Я секунду смотрел на неё и видел, как до её головы доходит смысл этих слов разом, пакетом. Глаза у Олеси потемнели. Рот приоткрылся.
— Миш… Я же не знала… Мы хотели как лучше, он же дрожал весь, мы думали согреть его… — виновато начала она.
— Никто не знал. Ты не виновата.
Жёстко, но коротко. Размазывать по тарелке чувство вины сейчас, это дело бесполезное и затратное по времени, а времени у меня не было. Я отвернулся от неё, подхватил коробку со столика одной рукой, другой уже снимал с крючка чистый, накрахмаленный халат с сегодняшним запахом порошка.
— Ксюша! — позвал я.
Она стояла в двух шагах, в готовой стойке, с теми самыми приподнятыми плечами и чуть выдвинутой вперёд челюстью. Это её обычный режим, когда в клинике пахло экстренной работой. Пальто снято. Очки сдвинуты на переносицу. Рукава халата подкатаны до локтя. Она это делала всегда, на автомате, даже когда просто протирала стол.
— Готова, Михал Алексеич! — воскликнула она.
— Операционная, живо. Суслика на стол. Щелочной раствор: слабый, трёхпроцентный, подогретый до тридцати семи. Набор для эндоскопии, трубка самого тонкого диаметра, какая у нас есть. Зажимы Михельсона: три штуки. Физиологический на капельницу, игла двадцать шестая. И приготовь шприц с кортикалом, половина дозы по весу, не смей округлять вверх.
— Поняла.
Она уже двигалась. Взяла у меня коробку, придержала её обеими ладонями, бережно, как будто в ней лежал не полуживой зверёк, а хрустальный сервиз, и быстрым, уверенным шагом прошла в операционную. Ни один стакан с подоконника при этом не сметён, ни одна табуретка не задета. В режиме экстренной помощи у неё в теле включался совершенно другой человек с точной координацией и железной хваткой.
Удивительный дар. До сих пор не перестаю удивляться.
Я шагнул следом. На пороге операционной обернулся.
Олеся одна стояла в приёмном посреди помещения. Руки прижаты к груди, лицо бледное и на нём ярко, неуместно-ярко смотрелась полоска розовой помады, которую она, видимо, накрасила утром перед сменой, ещё не зная, что в обед побежит сюда с картонной коробкой.

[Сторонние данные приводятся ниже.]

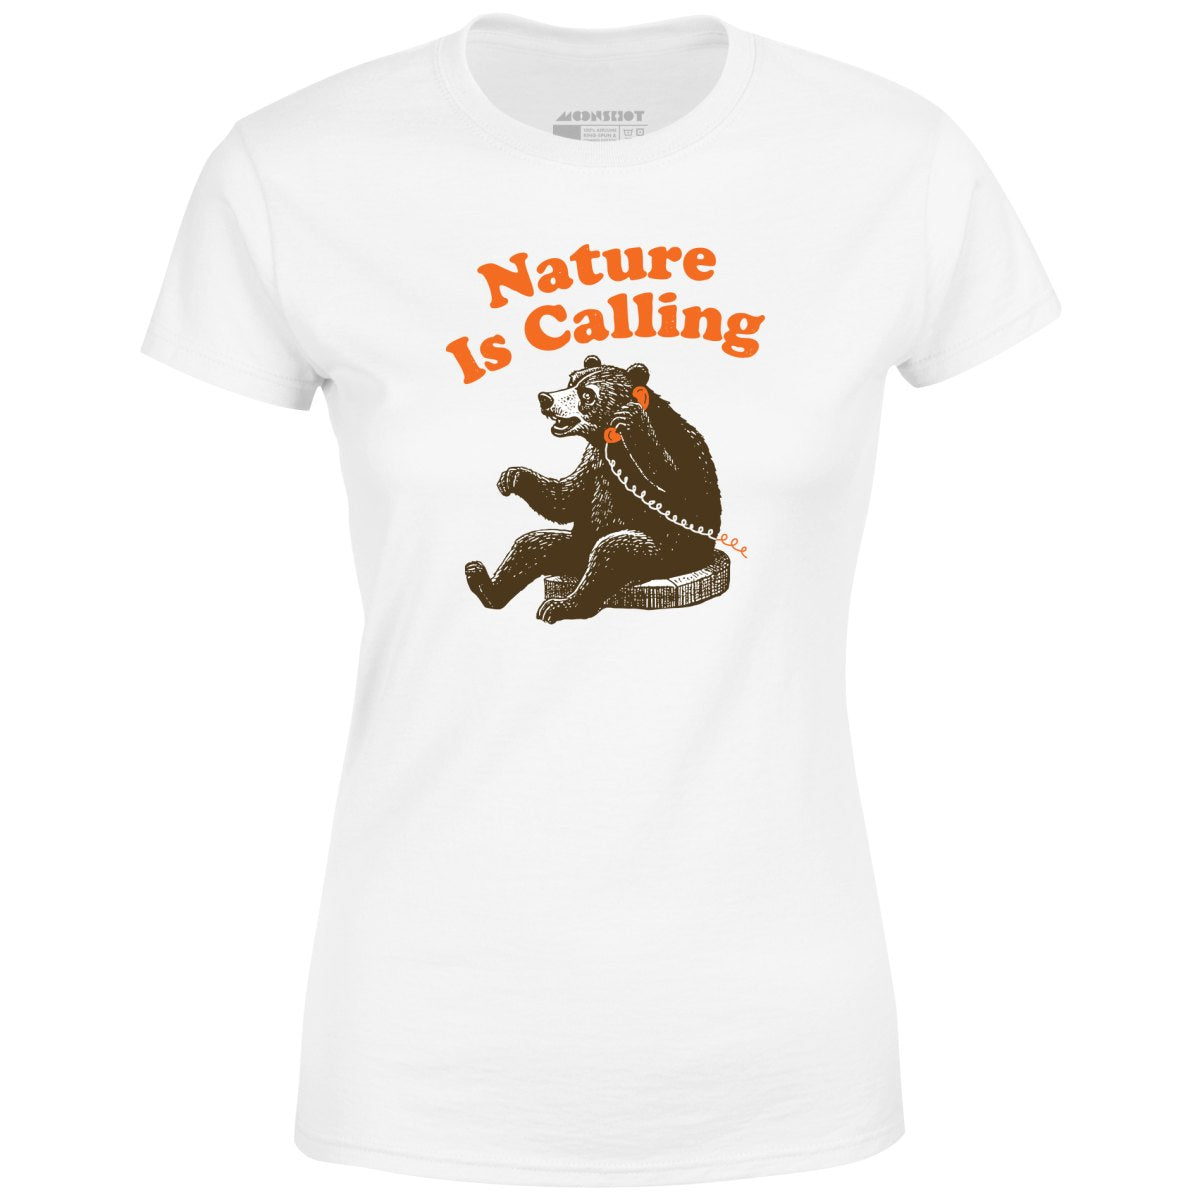 Nature is Calling - Women's T-Shirt

— Миш, я подожду, да? Можно? Я тихо, я мешать не буду, — попросила Олеся.
Мне хотелось сказать ей: иди домой, Лесь, или в кафе, или куда угодно, но только уйди, потому что у меня через пять минут в операционной будет концентрация, в которую посторонний взгляд врезается, как камень в витрину. Но сказать это я не мог. Не потому, что неудобно, а потому, что если она сейчас уйдёт, то обязательно встретит по пути уже отошедшего от шока Саню, вылезающего из того места, куда он забился. Тогда мне не придётся ничего ей объяснять, она сама всё поймёт за две секунды.
А этого допустить я не имел права. Не сегодня. У нас впереди ещё Комарова, инспекторша с мокрым пиджаком и личной обидой. Нельзя было добавлять в этот коктейль ещё один скандал.
— Жди тут, — сказал я. — Чай в чайнике. Через пару часов зайдёшь.
— Пара часов?..
— Это быстро, Лесь. Это я оптимистично тебе говорю.
Прикрыл за собой дверь. Повернул защёлку, потом, подумав, открыл обратно. Для Ксюши может понадобиться пробежка в склад за чем-нибудь срочным, а с запертой дверью это лишние секунды. Защёлку оставил поднятой.
Операционная у нас небольшая, бывшая подсобка, с белой плиткой, холодной лампой и той специфической стерильной прохладой, от которой у любого фамтеха возникает ощущение «пришёл домой». Ксюша уже стояла у стола. Суслик лежал на мягком подстиле, освещённый точечной лампой. Дыхание частое, поверхностное, бока ходят мелко. Раствор парил в металлической ванночке. Капельница собрана. Инструменты разложены в том порядке, в какой я за эти месяцы вбил Ксюшу: слева режущее, справа хватающее, по центру эндоскоп и шприцы.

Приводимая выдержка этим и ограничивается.